Venir de + infinitive = to have just done something.

Je viens de lire ce livre =  I've just read this book.


----------



## tilt

In the same way, you may come across _aller + infinitive_ (no preposition here), which is used to say the close future: _je vais rencontrer un ami_ = I'm going to meet a friend.


----------



## cmsiervicul

In beginning to intermediate French, one learns about the "venir de" + infinitive constructions to say things like "je viens de finir mes devoirs" (I have just finished my homework).  But that's about as far my instruction has gone.  So I was wondering, are there any limits to acceptable forms of "venir" in this construction?  If so, what are they?  For example, could it make sense to use venir in the passé composé or plus-que-parfait?  What would the meaning of such a construction be?


----------



## Rallino

I think, using "venir de" in passé composé would do the same effect if you used "to be going to" in future, like: "I will go to ask him" instead of "I'm going to ask him" The meaning changes a bit I guess.


----------



## Outsider

cmsiervicul said:


> In beginning to intermediate French, one learns about the "venir de" + infinitive constructions to say things like "je viens de finir mes devoirs" (I have just finished my homework).  But that's about as far my instruction has gone.  So I was wondering, are there any limits to acceptable forms of "venir" in this construction?  If so, what are they?  For example, could it make sense to use venir in the passé composé or plus-que-parfait?  What would the meaning of such a construction be?


I don't think it's possible. Normally, this construction is used in the present tense or in the imperfect:

Je viens de finir mes devoirs.
Je venais de finir mes devoirs.​


----------



## Mauricet

Not these two, but the imparfait yes : _Je venais de lui faire un courriel quand il sonna à la porte._ I have doubts for the future: _Je viendrai de préparer le café et à cet instant précis elle sonnera à la porte_ (maybe a day dream)_._ Not common anyway. With the subjonctif it seems OK : _Il se pourrait que je vienne de lui faire un courriel quand il va sonner à la porte_. And the purist's version (concordance des temps, imparfait du subjonctif) : _Il aurait pu se faire que je vinsse de lui faire un courriel quand il sonna à la porte._


----------



## patm718

I know the plus-que-parfait is formed with avoir (or être) as such j'avais, tu avias, il avait, etc. However, my question is whether or not this can be combined with the immediate past formation of venir+de.

Par example, puis-je dire:

Il avait venir de partir.

ou:

Il avait vient de partir.

Les phrases apparaissent étranges, mais je ne suis pas sur.

Merci de votre aide!


----------



## L'Inconnu

What are you trying to say in English?
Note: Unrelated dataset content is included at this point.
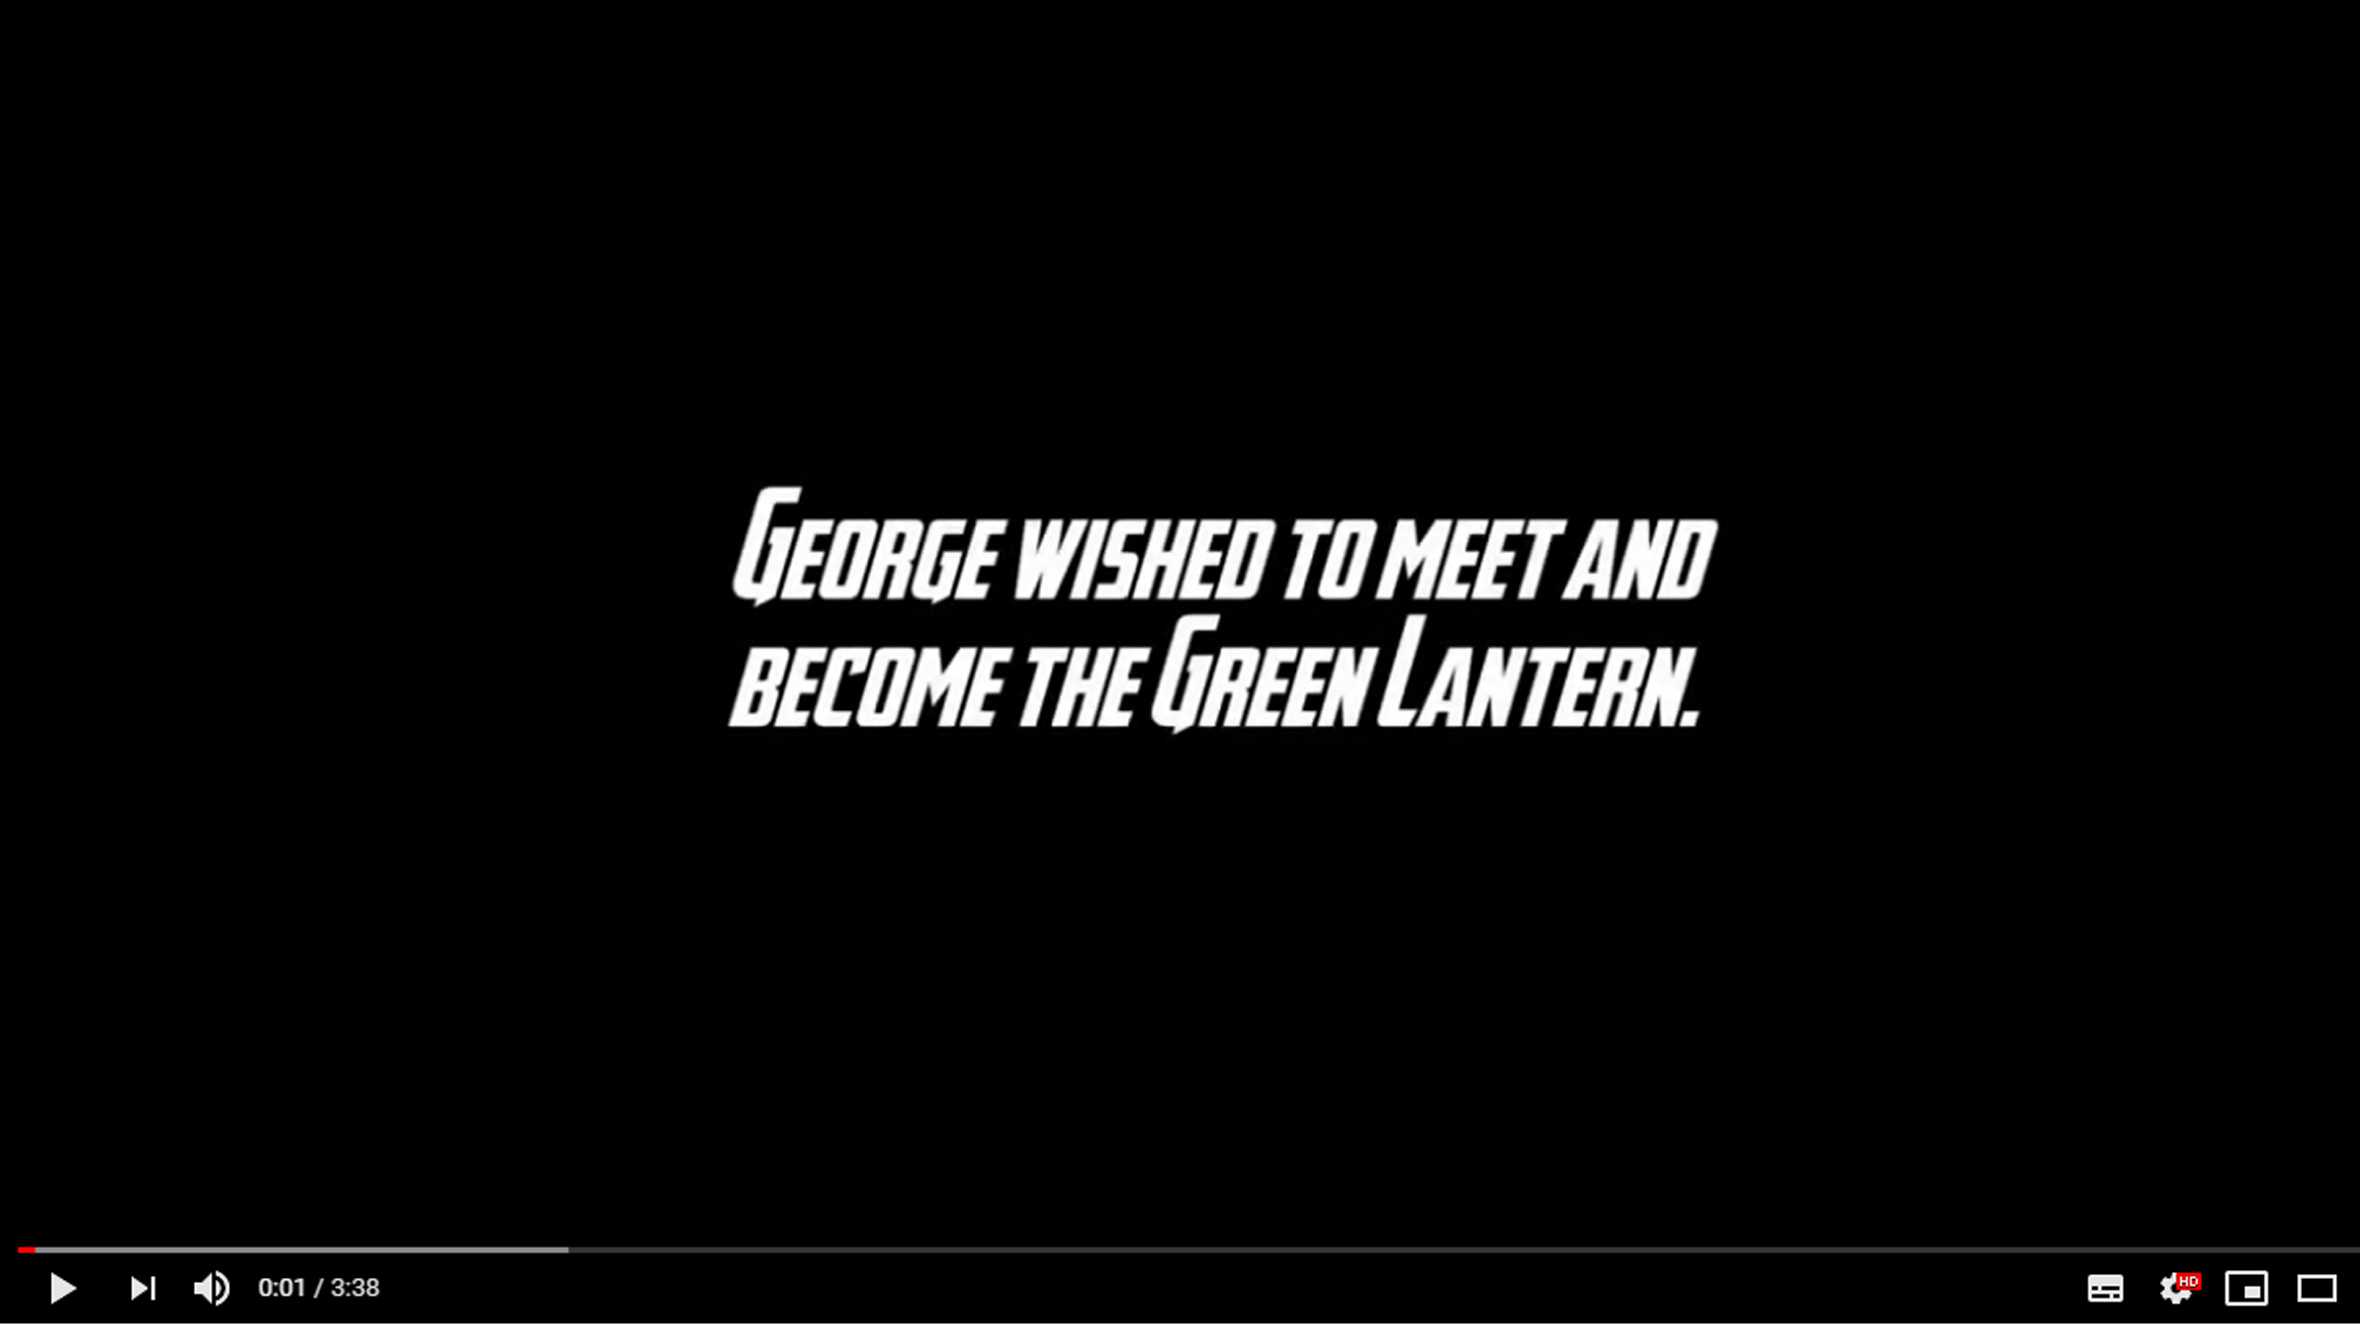 George's Green Lantern wish

If I wanted to say:

"He had just left"

I would say:

"Il venait de partir"


----------



## patm718

Ah, I'm sorry. I became confused trying to form this sentence in my head because I felt drawn towards the plus-que-parfait.  

Even still, if you don't mind me asking, how would this be formed if introduced with a "Quand..." clause?

such as:

Quand j'ai arrivé, ...? (can I use the plus-que-parfait to express that "he had just left" here?)
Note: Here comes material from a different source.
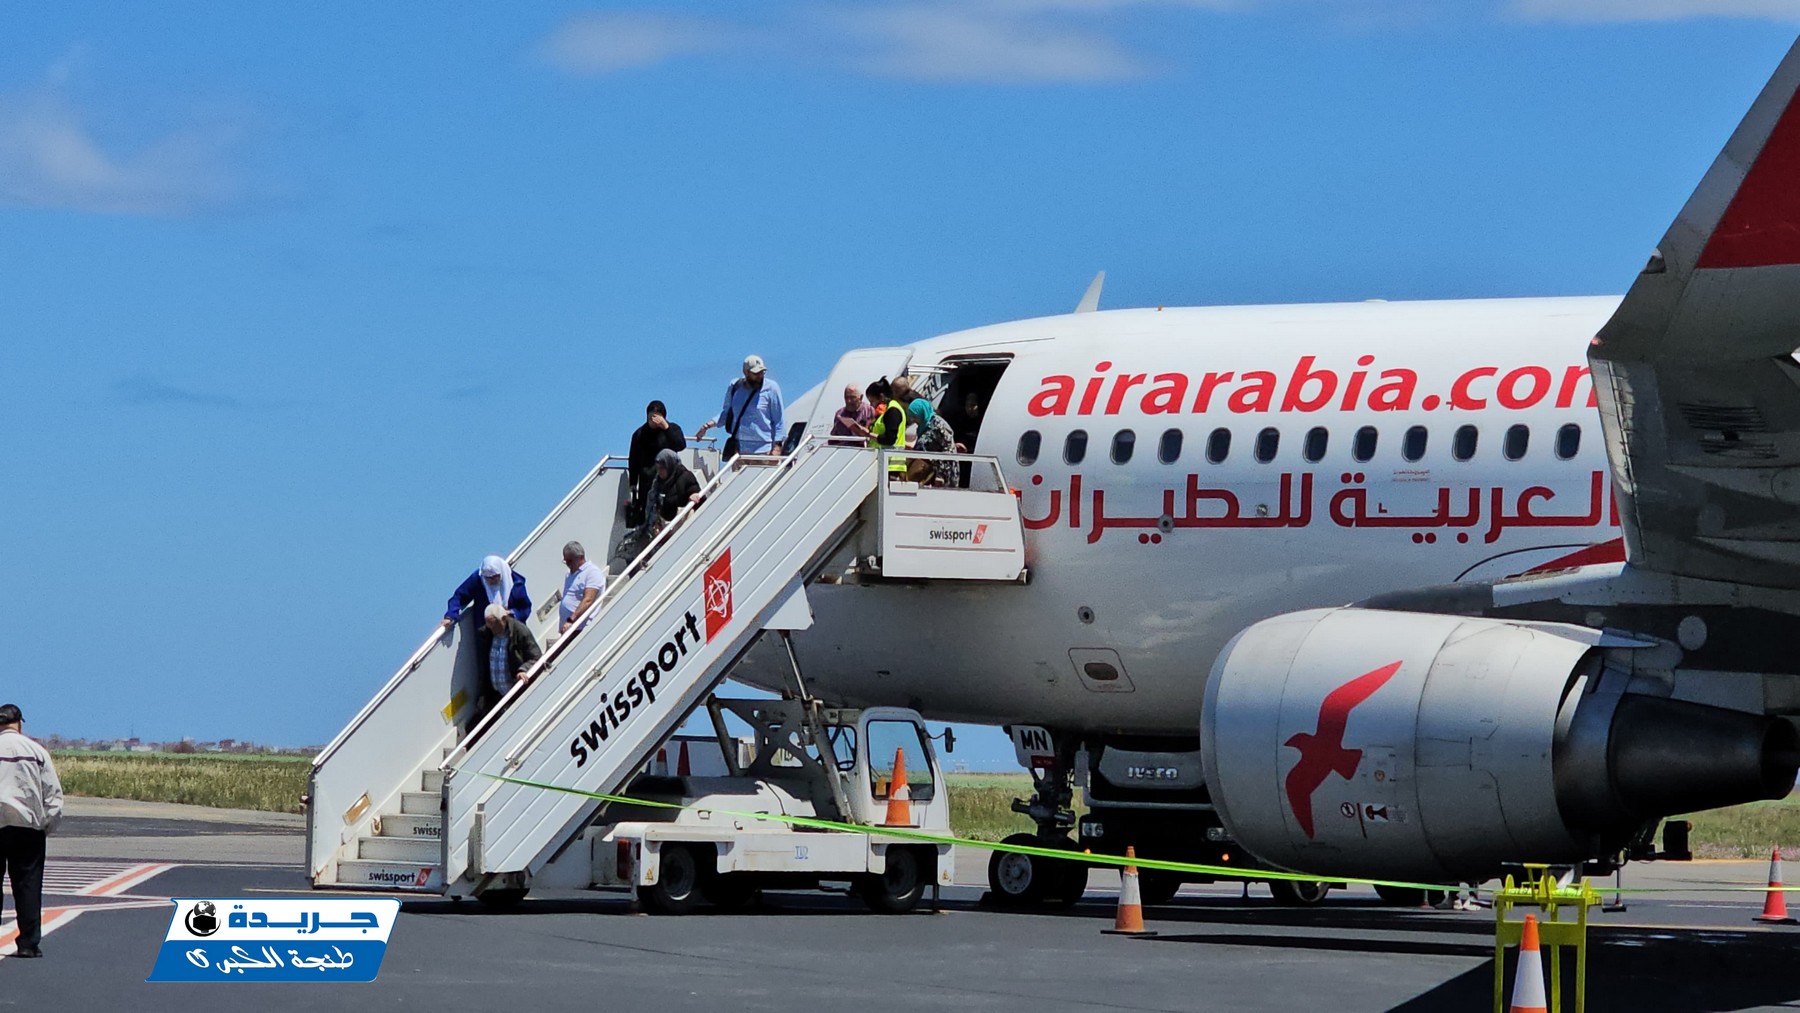 خط جوي جديد لشركة العربية للطيران يربط تطوان و أمستردام + صور

This might be a better phrase: When I arrived, he had just left.

Sorry if this is confusing to you. I'm still learning all this and there is a lot that I am trying to make sense of.
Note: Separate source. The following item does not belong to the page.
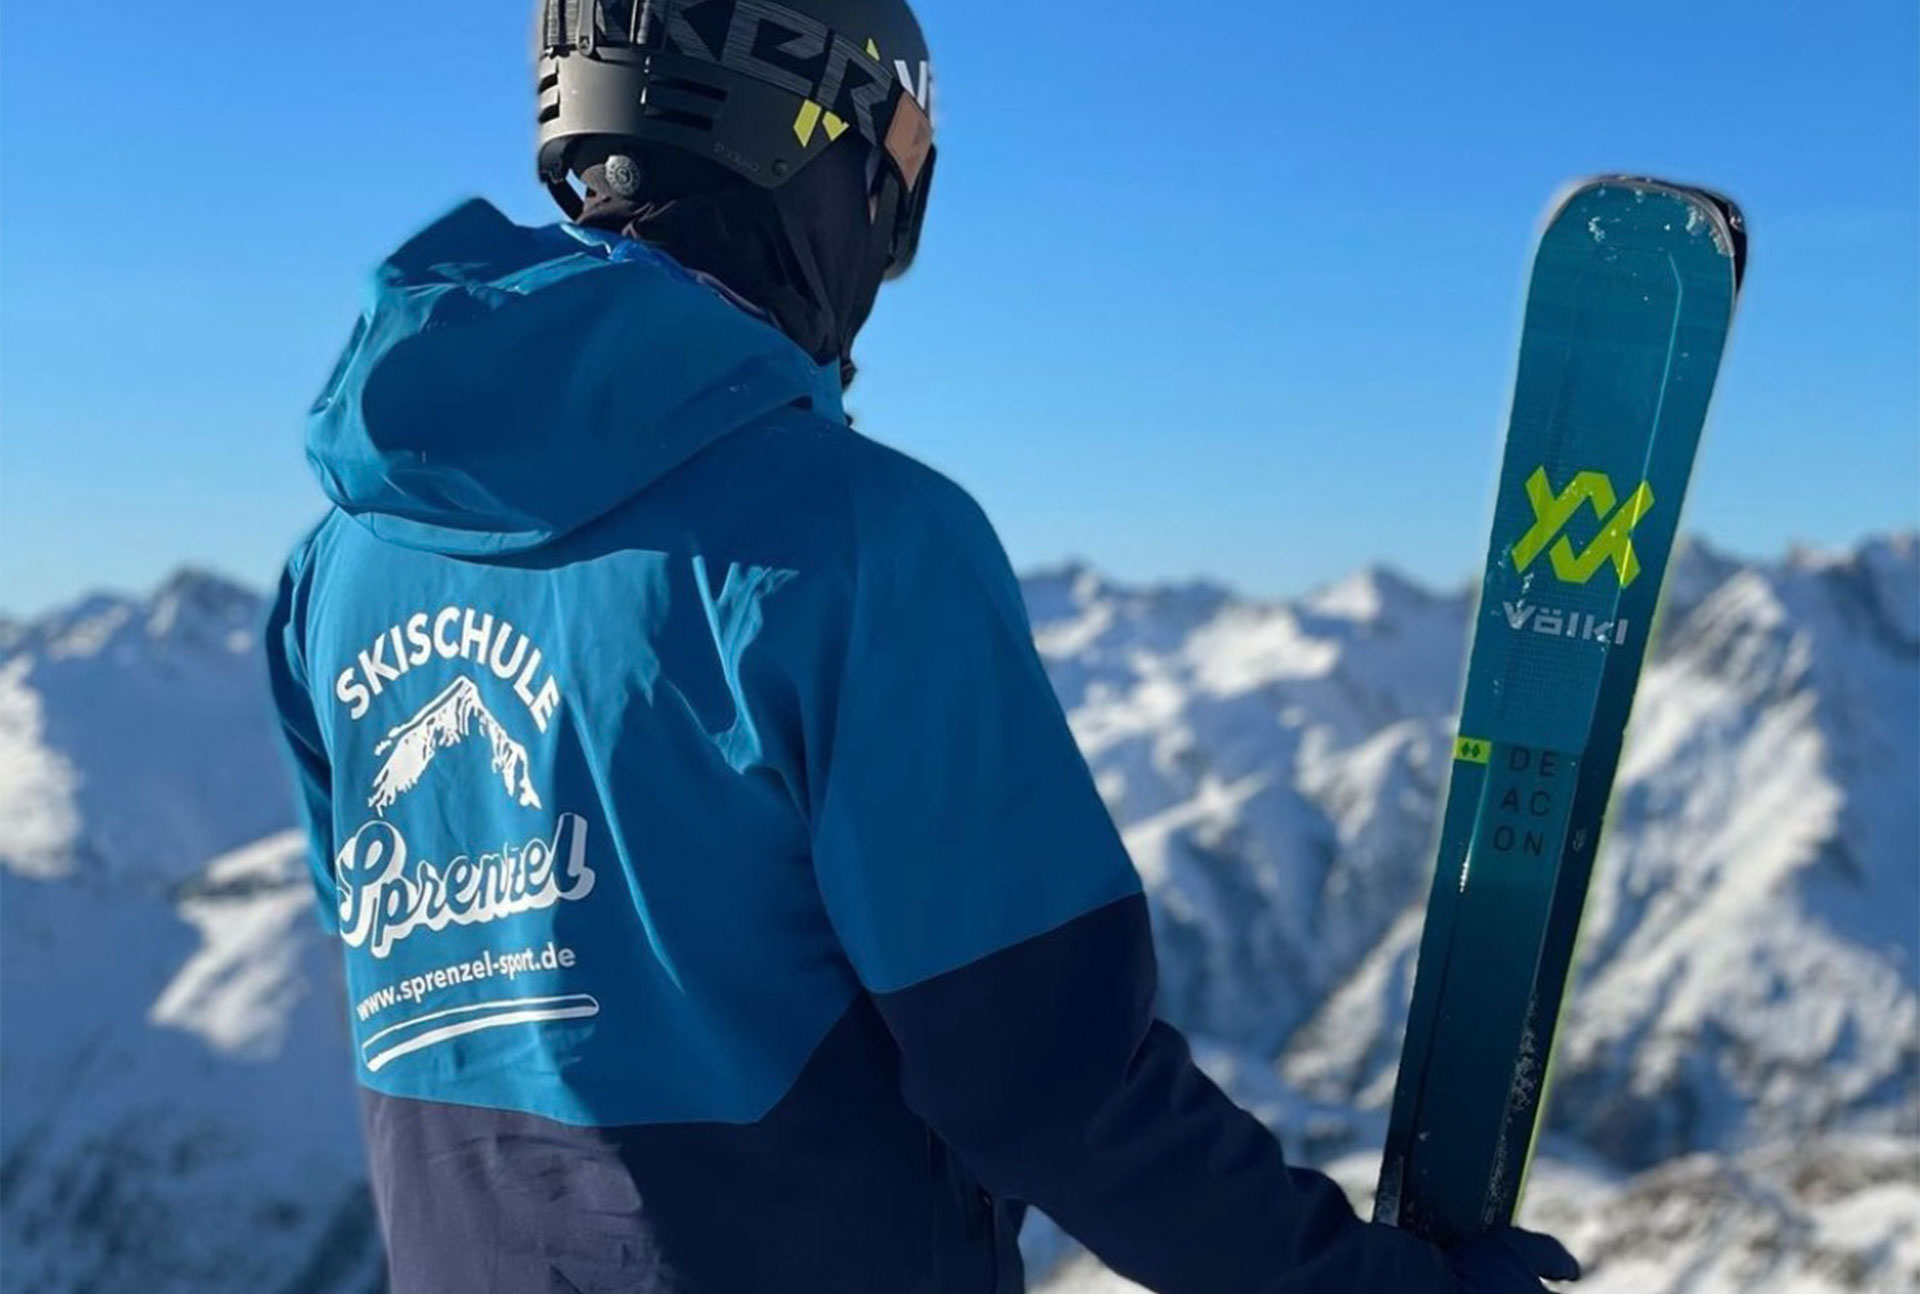 Skischule Sprenzel Garmisch-Partenkirchen

I think I understand everything now. To answer my own original question: No, I cannot combine the plus-que-parfait with the venir+de construction. _I can, _however, to express something that had _just happened in past time, _use the imparfait with venir+de construction.

I suppose this also applies with aller+infinitive for future events? So I can express things that _are going to happen from a future time_ using the future tense plus the future?

Thanks for sticking with me.


----------



## jann

> To answer my own original question: No, I cannot combine the plus-que-parfait with the venir+de construction. _I can, _however, to express something that had _just happened in past time, _use the imparfait with venir+de construction.


 Precisely.



> So I can express things that _are going to happen from a future time_ using the future tense plus the future?


Are you thinking of something like the following?

He will have just left.
_Il viendra de partir._ 

I can't identify anything grammatically wrong with it, but we just don't really say this.  I can't say why, but it doesn't sound right.  Instead we might say something like _Il sera à peine parti _(He will hardly have left) or _Il sera tout juste parti_ (He will have left just then).

I've merged your thread into an existing question on a similar topic, so you might want to go back and look through some of the preceding posts. 

Jann
member and moderator


----------



## mykstor

Il me semble que la question originelle reste toujours sans une réponse satisfaisante (C'est déjà l'année 2011...)

Je voudrais bien savoir si-t-on peut dire:

"J'étais venu de racchrocher d'une conversation avec un ami dans laquelle l'on avait bavardé [ou: l'on bavardait???] un peu de  l'acteur Tom Cruise, quand tout à coup j'ai aperçu sa visage à la télé."
??
[…]

D'avance, Merci ..
mike in los angeles

En autre, si je voudrais exprimer qu'une action avait precédé tous cela, est-qu-il serrait juste à dire:

"Mais, un instant auparavant tous cela, j'ai été venu de recevoir la nouvelle que ma mère avait été toué dans en accident de voiture."


----------



## tilt

_J'étais venu de_, ou _j'ai été venu de_, ne sont pas corrects.
Quand _venir _est utilisé comme auxiliaire modal, qu'il indique seulement la proximité dans le passé, on ne peut le conjuguer qu'à des temps simples, et encore, pas tous. Je n'imagine que l'imparfait (_je venais de_), le présent (_je viens de_), le futur (_je viendrai de_).

Quant à tes autres questions, désolé, mais les règles des forums WR demandent de n'en traiter qu'une par fil. N'hésite pas à les poser dans d'autres fils !


----------